CUDA Data Factory: The project first wrote a batch arcade game simulator using a custom CUDA engine. This simulator is not the final product but a data factory—it steps 512 game scenes simultaneously on the GPU, rasterizing outputs at approximately 206,000 frames per second. Training data is not a dataset that needs downloading; instead, it's a kernel function that generates infinite fresh data in real time.

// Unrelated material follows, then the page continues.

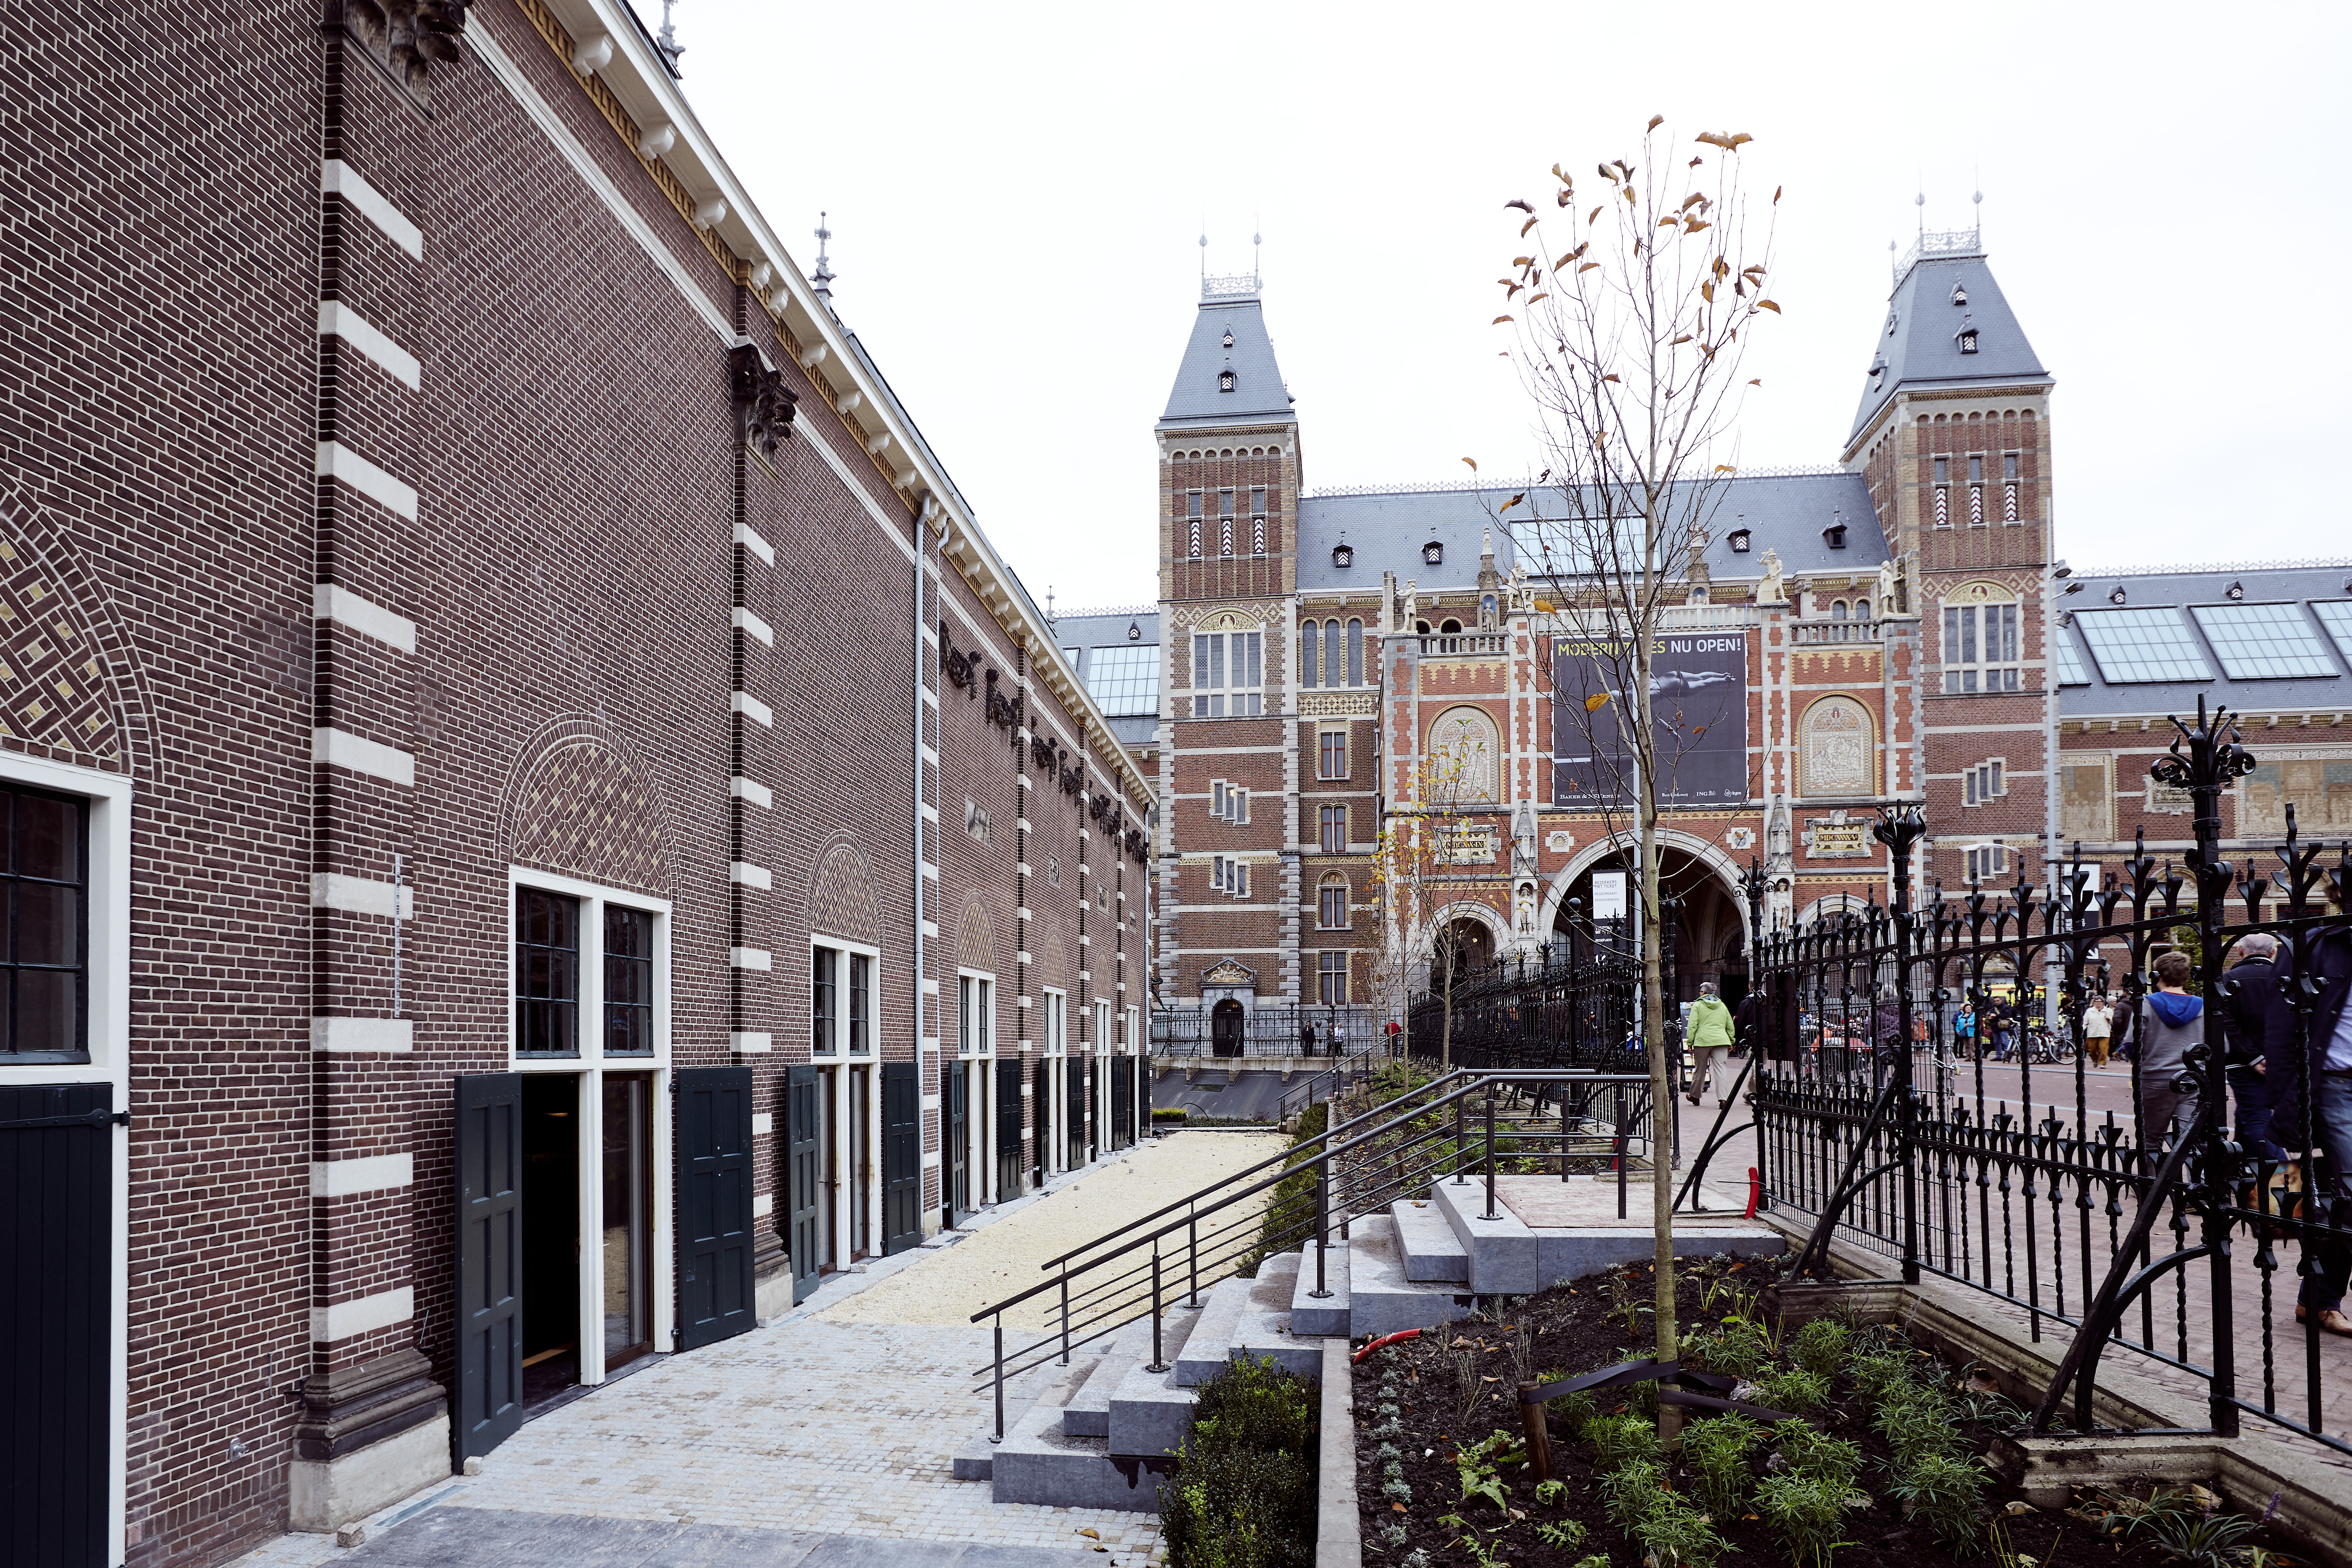 Restaurant RIJKS - Rijksmuseum - Daily Cappuccino - Lifestyle Blog

World Model: A U-Net architecture with 2.6 million parameters, using cyclic padding (since the game arena is circular, the network's topological structure matches the world's) and FiLM (Feature-wise Linear Modulation) for action condition injection. The model only receives pixel inputs—the latest 4 frames and player keys—then predicts the next frame.

5

Section 05

Evolution of Two Versions

v1 — Deterministic Predictor: The training objective is to minimize average pixel error. It's almost perfect in single-step prediction (PSNR 42.6 dB), but in places where the future is uncertain (like which direction rock fragments will fly), the loss-optimal output is the average of all possible futures—resulting in "ghosting". Since the dream feeds on itself (the model uses its own output as input for the next step), ghosting accumulates like copies from a copier.

v2 — EDM Diffusion Model: Adopts the EDM framework by Karras et al. (2022), training denoising capabilities at each noise level. During gameplay, the model samples a clear frame from pure noise, guided by context and actions, promising a definite future instead of averaging all possibilities. Autoregressive PSNR improved from 25.6 dB to 27.3 dB at 10 steps.

6

Section 06

Performance Comparison Data

Metric v1 U-Net v2 Diffusion
Single-step PSNR 42.6 dB 42.2 dB
Autoregressive PSNR@10 steps 25.6 dB 27.3 dB
Dream Rule Test (Does shooting a large rock split it?) 24/24 18/24
Sharpness retention after 10 seconds of dreaming 0.985 1.004
Dream speed on GTX 970 200+ fps 54 fps (4-step sampling)

An honest finding is: In a mostly deterministic arcade game, the regression baseline is indeed strong—it suits near-single-peak futures and can master game rules. What the diffusion model brings is long-term commitment: while v1's dream has blurred and dissipated, v2's dream still looks like a game even after several minutes.

7

Section 07

Rigorous Engineering Practices

The simulator part of the project demonstrates extremely high engineering standards:

  • CPU Oracle Peer Verification: Each game rule is implemented in two ways—fast CUDA and readable numpy. Tests run both in parallel for 300 steps, with error ≤1e-4, completely consistent counters, and bit-level determinism across runs.
  • Stateless Random Number Generator: Each random number is a pure hash function of (seed, arena, step, call-site), fully consistent between CUDA and numpy.
  • Golden Image Test: The exact output of the rasterizer in fixed scenes is submitted as a benchmark; any unexpected pixel changes will cause CI failure.
  • 52 test cases, of which the CPU subset (oracle, data pipeline, model math) can run without a GPU.
8

Section 08

Three Interaction Modes

The project provides three browser interaction modes:

  • ?mode=real: Real game, inertial spaceship, splitting rocks, circular arena
  • ?mode=dream: The same game, but generated frame by frame via model hallucination
  • ?mode=both: Comparison mode—same input, shared opening history, observe how the two diverge.